*TASK*: The listing below must be repeated word for word, without its pictures.

*DATA BLOCK*:
►

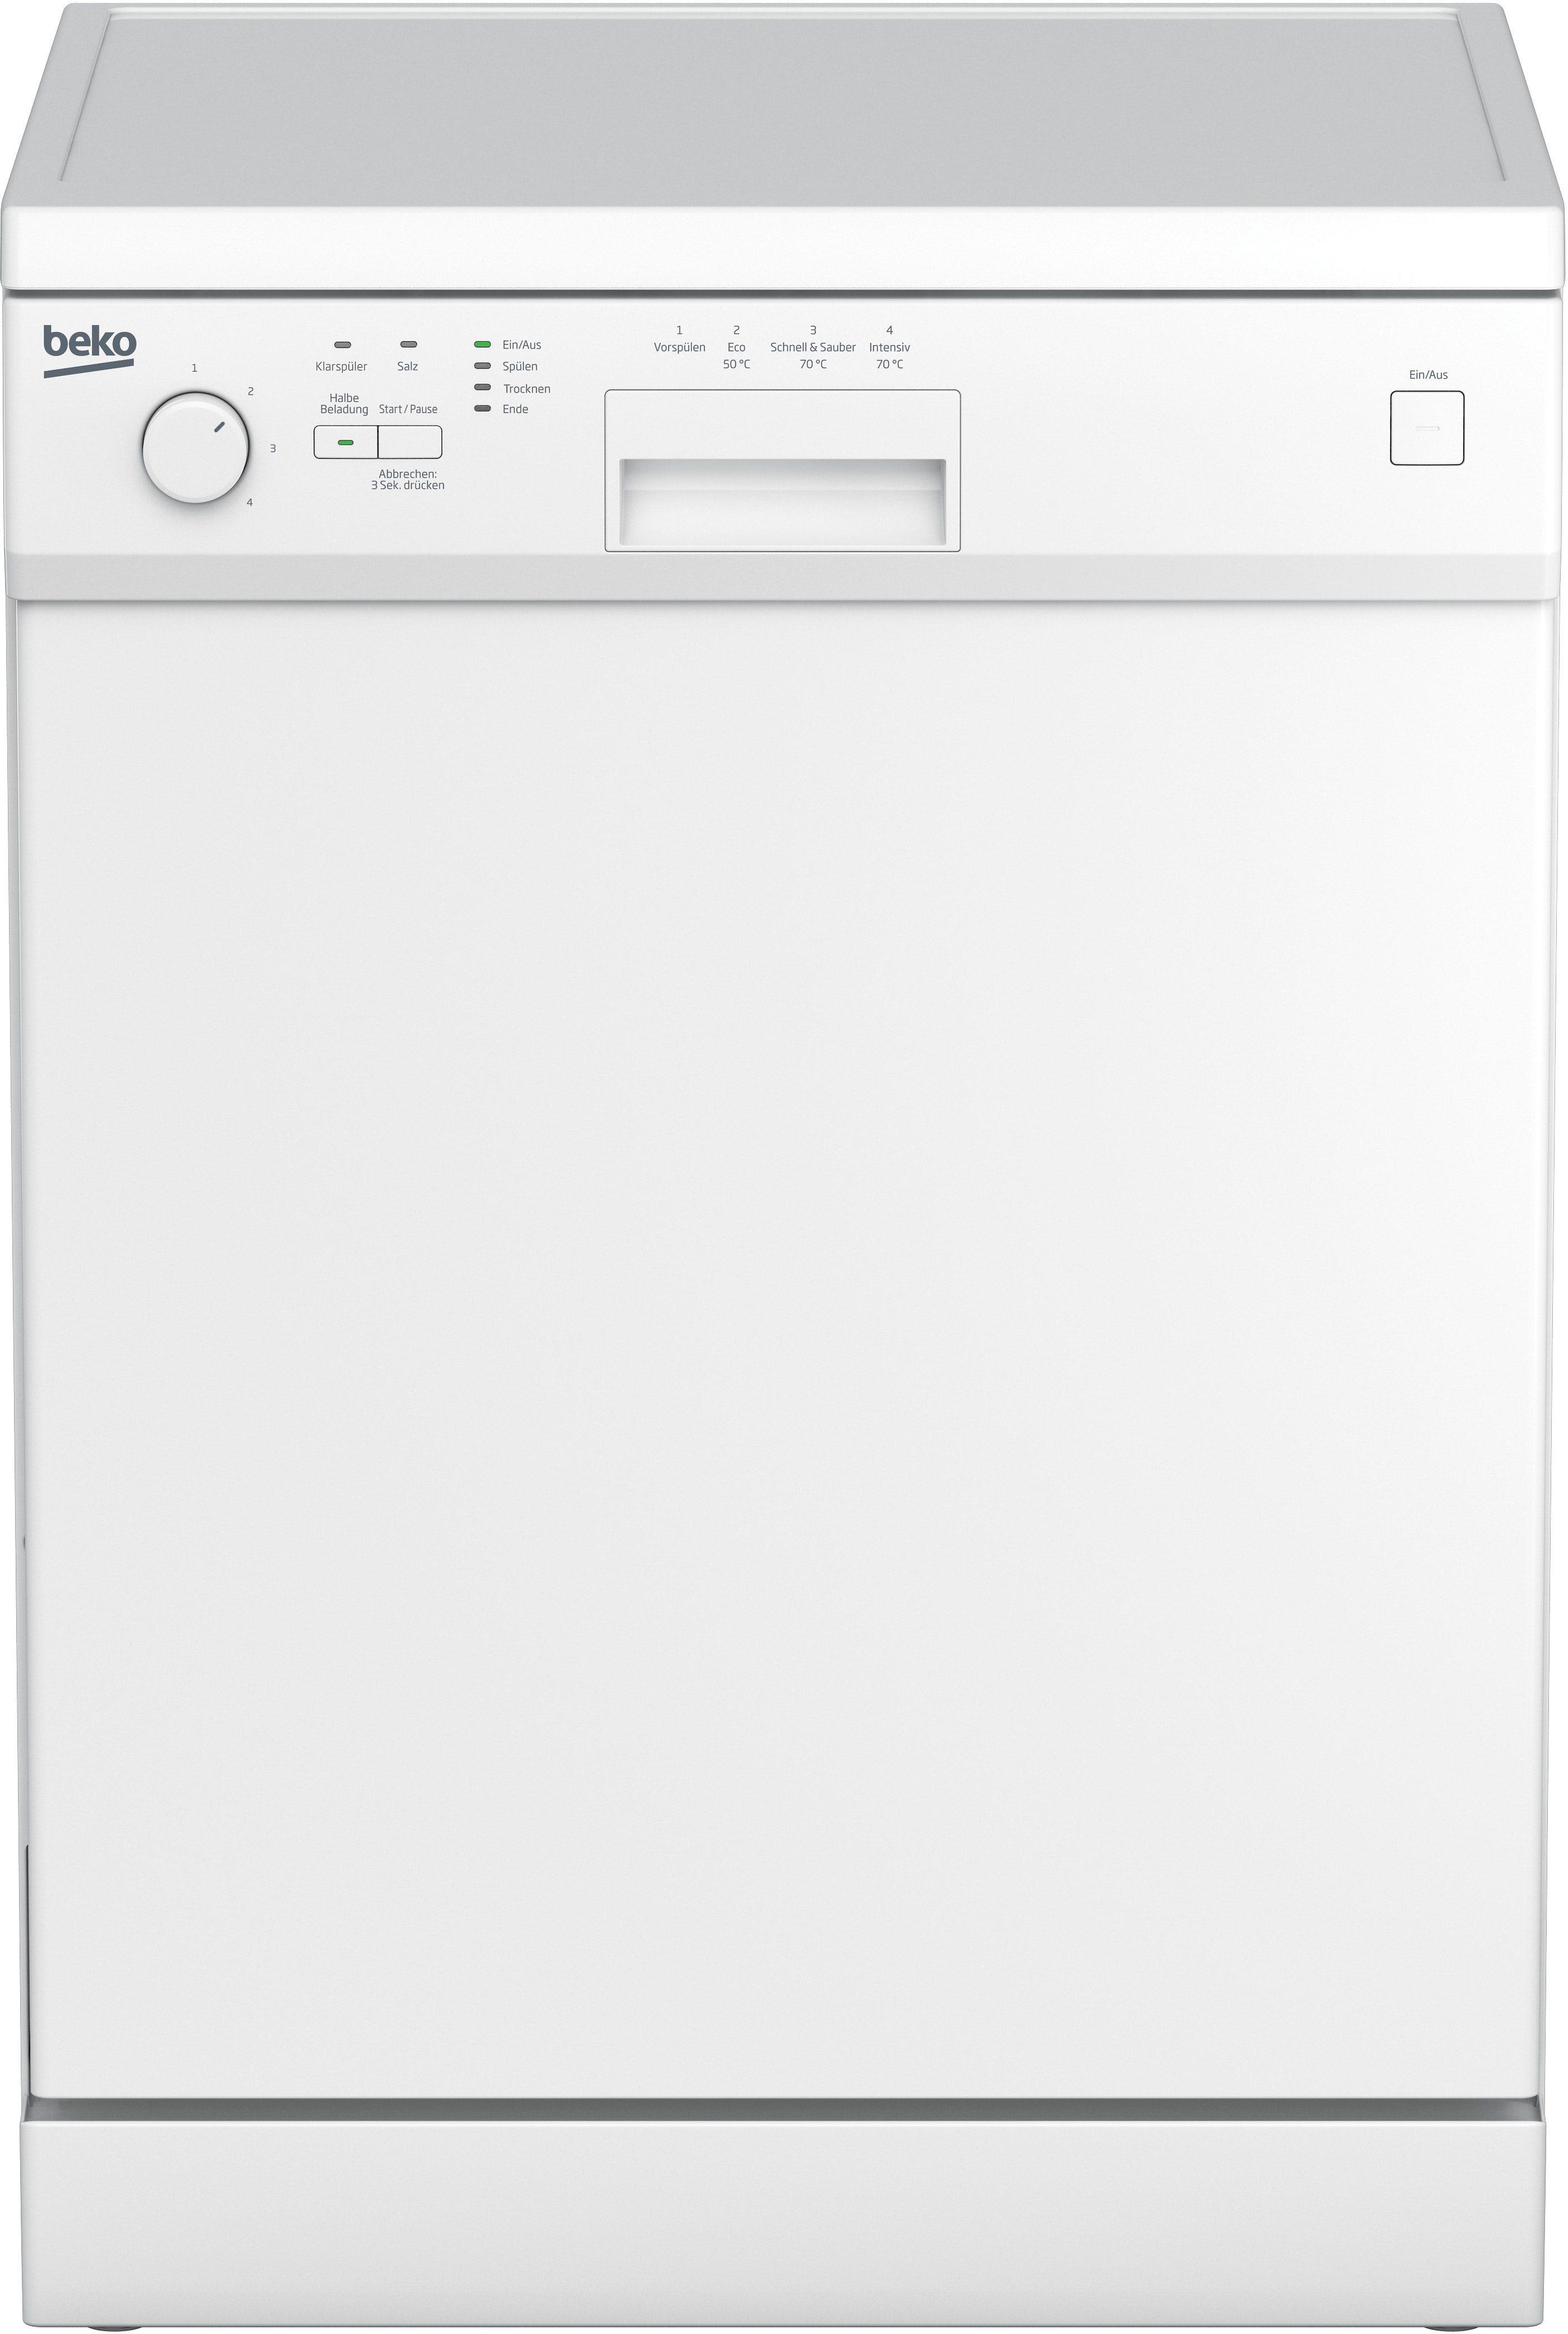 Beko Geschirrspüler DFL 1441, A+, 14 Liter, 12 Maßgedecke
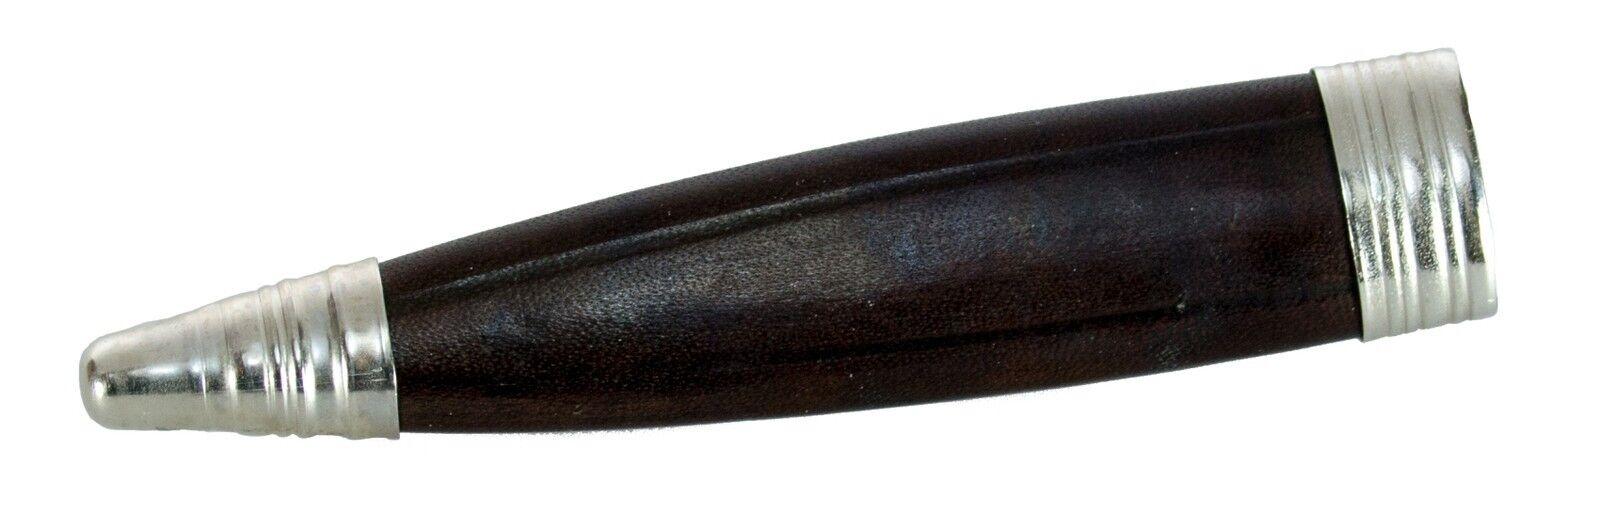 Trachtenmesser Hirschhorngriff  Ätzung Ätzung Ätzung 2 Gemse + Enzian + Zierkappe GEMSE 19658a
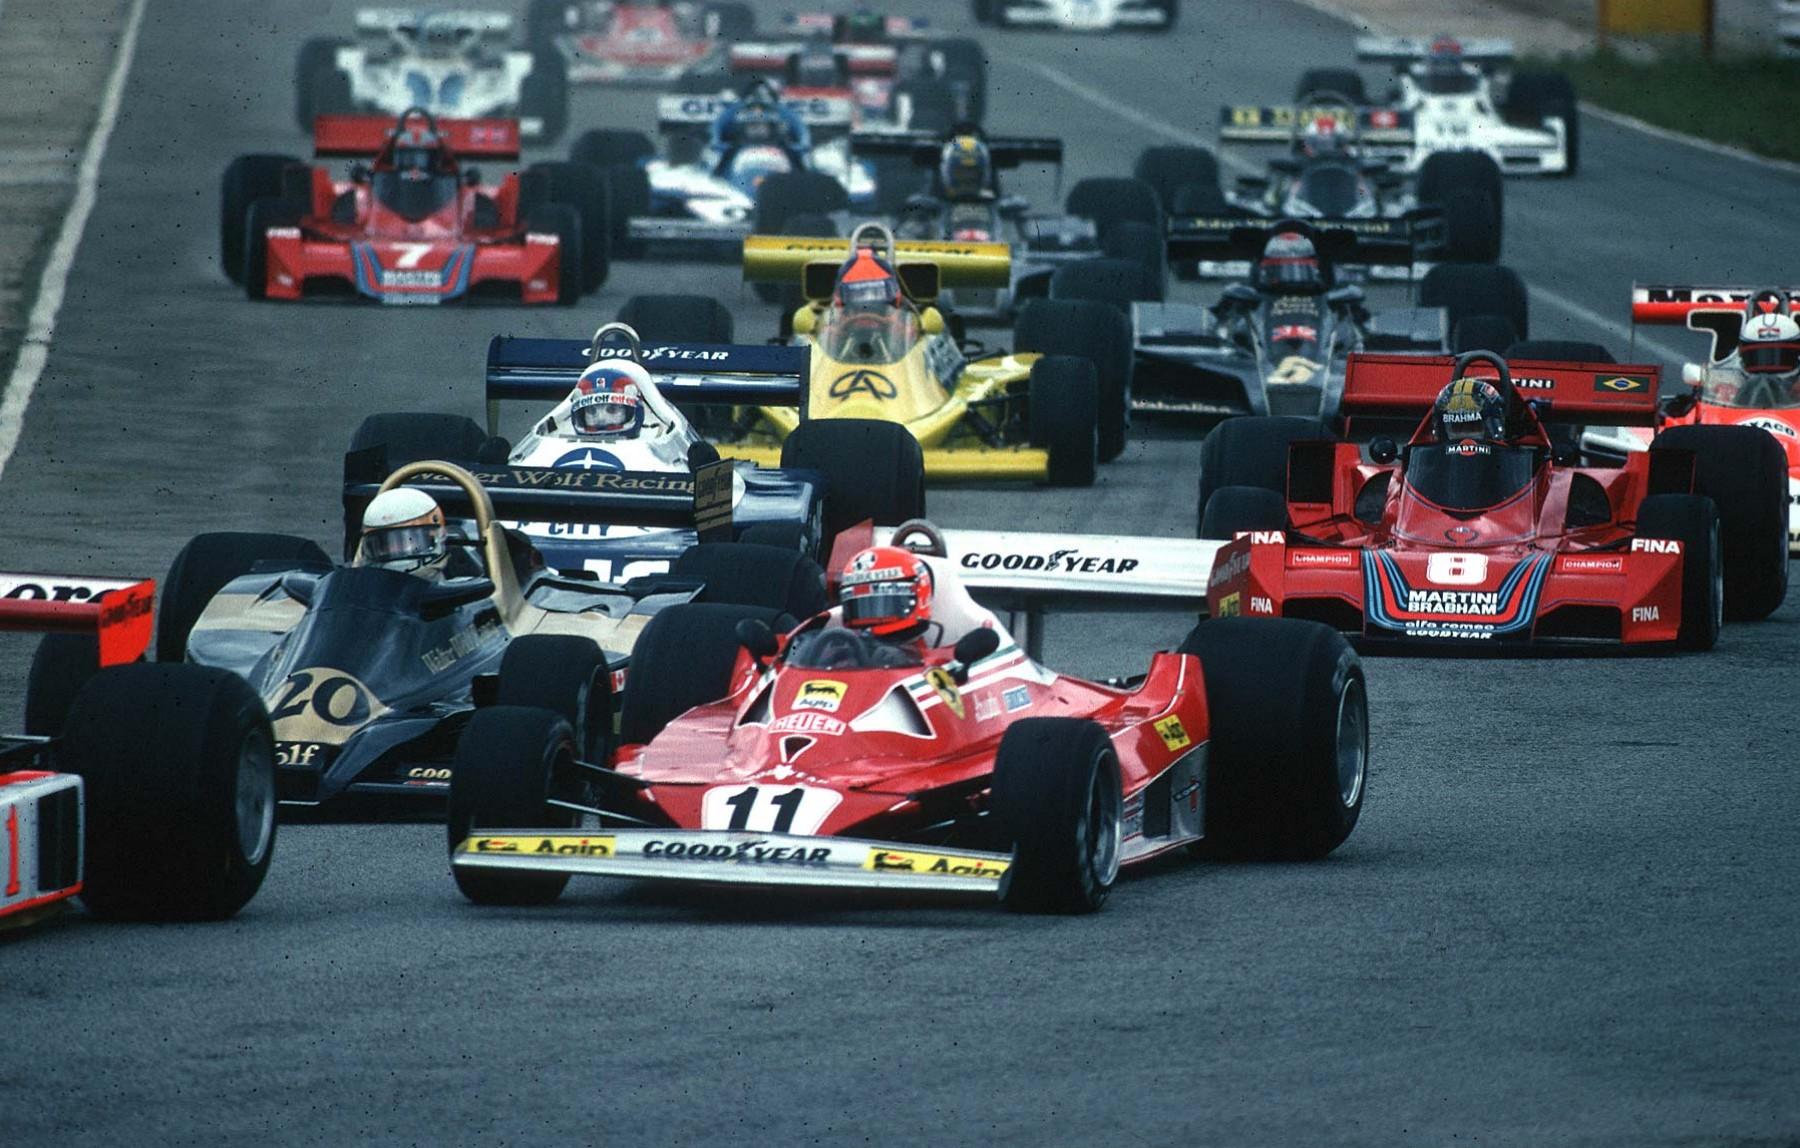 Fromula 1 Niki Lauda

◄

*EXPECTED OUTPUT*:
 Beko Geschirrspüler DFL 1441, A+, 14 Liter, 12 Maßgedecke
 Trachtenmesser Hirschhorngriff  Ätzung Ätzung Ätzung 2 Gemse + Enzian + Zierkappe GEMSE 19658a
 Fromula 1 Niki Lauda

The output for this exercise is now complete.